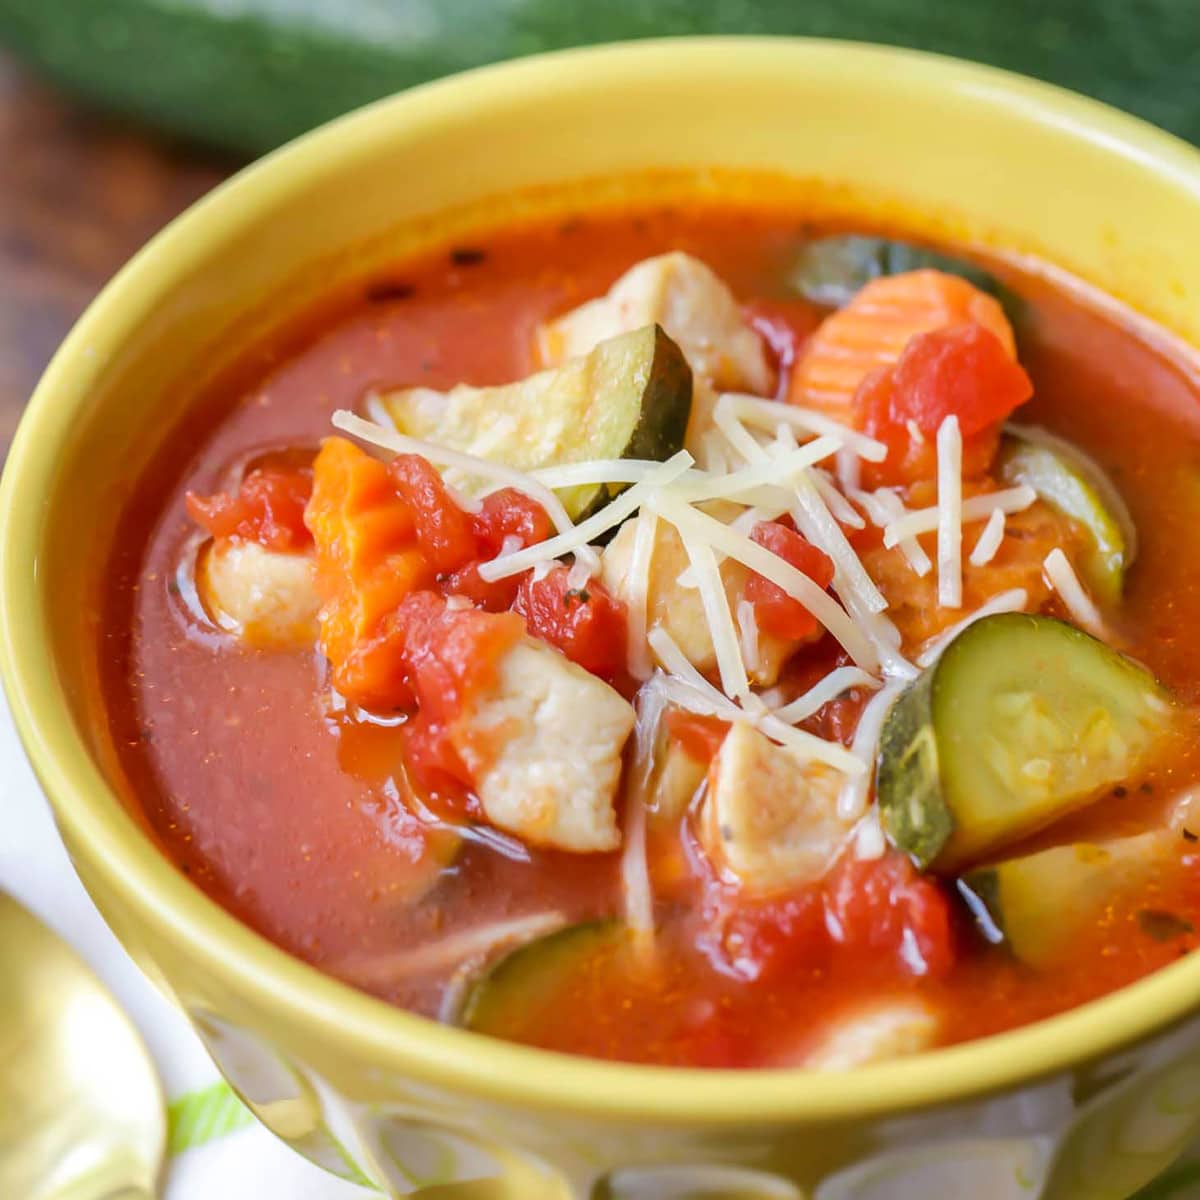 Healthy Soup Recipes  - Italian chicken and vegetable soup in a yellow bowl.
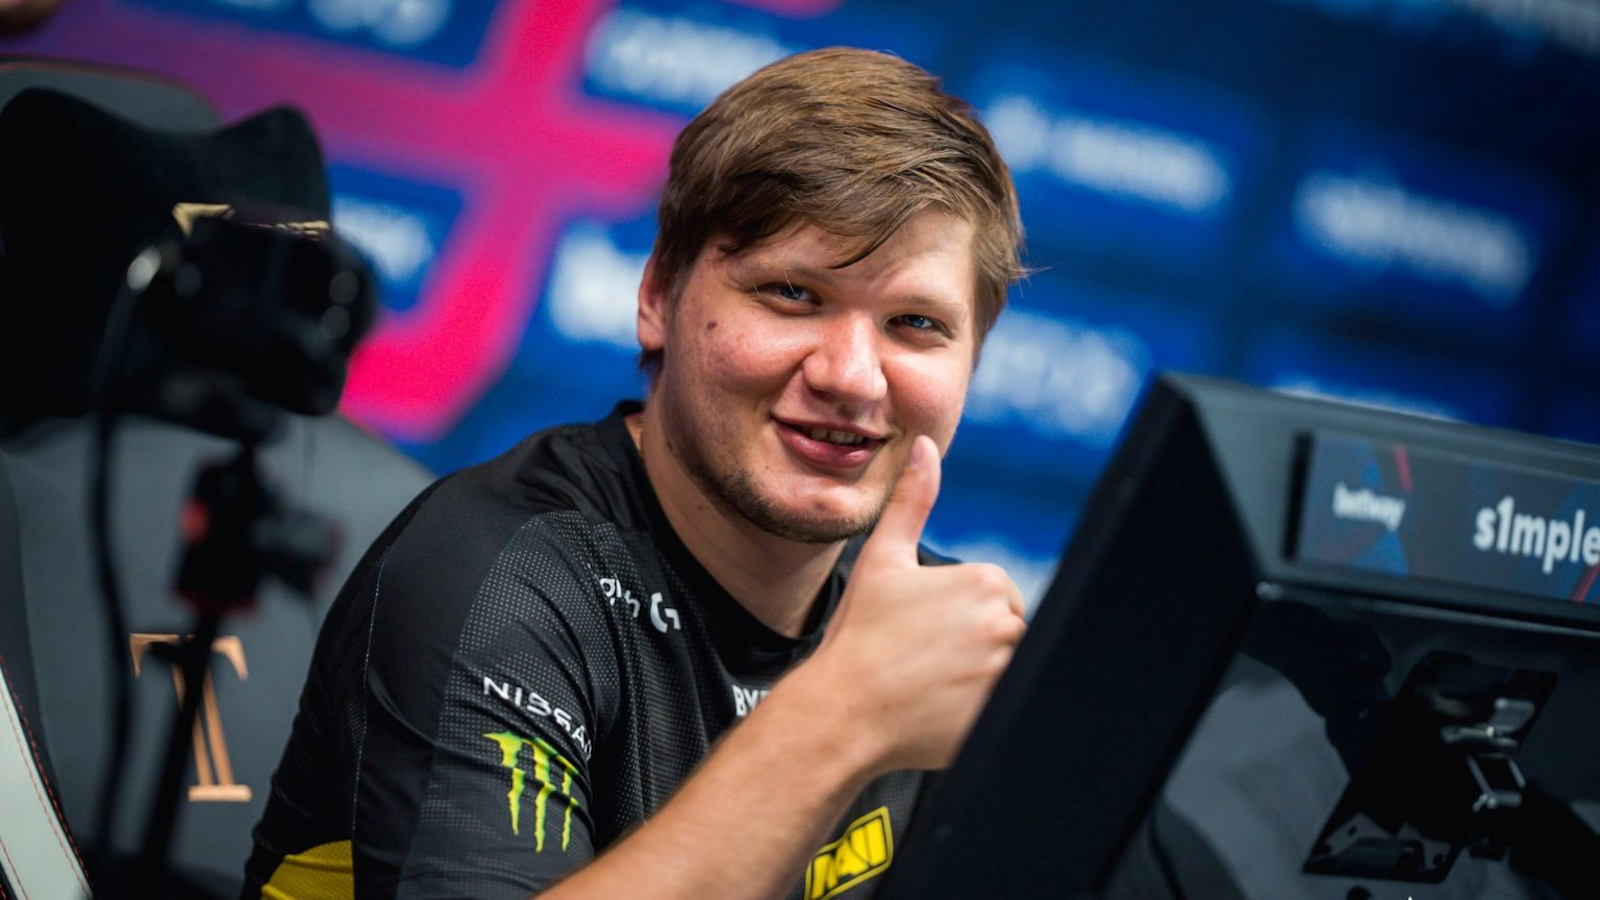 S1mple crushes FaZe’s push for IEM Cologne repeat
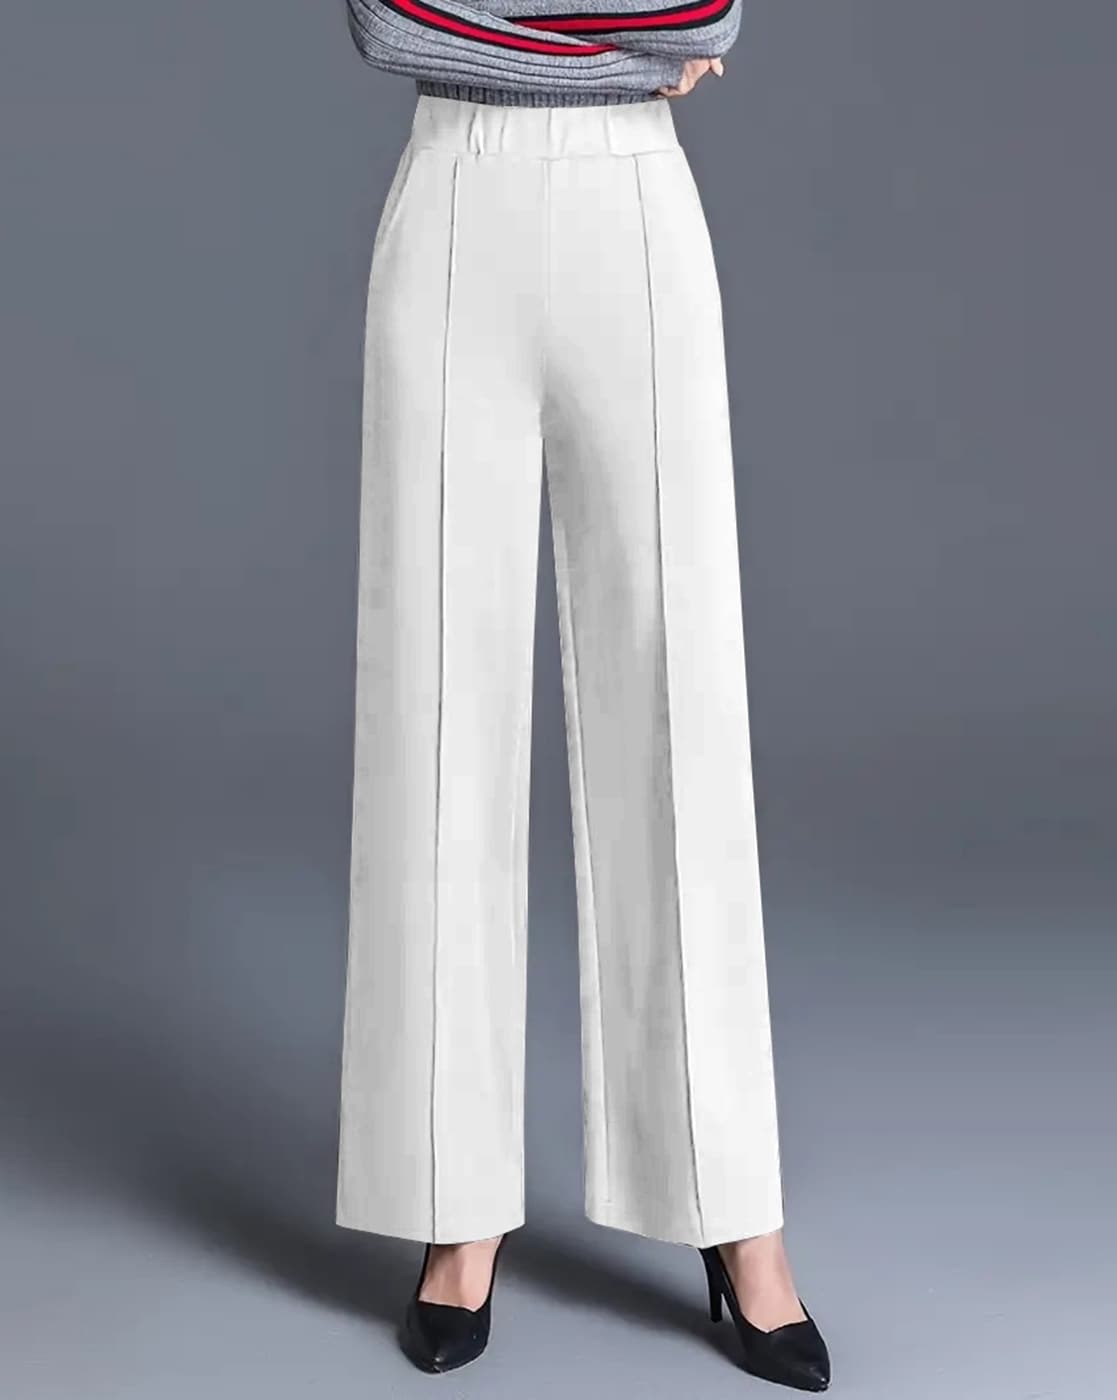 Buy SILKCHIC Regular Fit Ankle Length Elastic Waist Casual Bottom Wear  Palazzo Pants for Women at Amazon.in

→ **Exercise description**: Return the material word for word, images omitted.

→ **Task answer**:
 Healthy Soup Recipes  - Italian chicken and vegetable soup in a yellow bowl.
 S1mple crushes FaZe’s push for IEM Cologne repeat
 Buy SILKCHIC Regular Fit Ankle Length Elastic Waist Casual Bottom Wear  Palazzo Pants for Women at Amazon.in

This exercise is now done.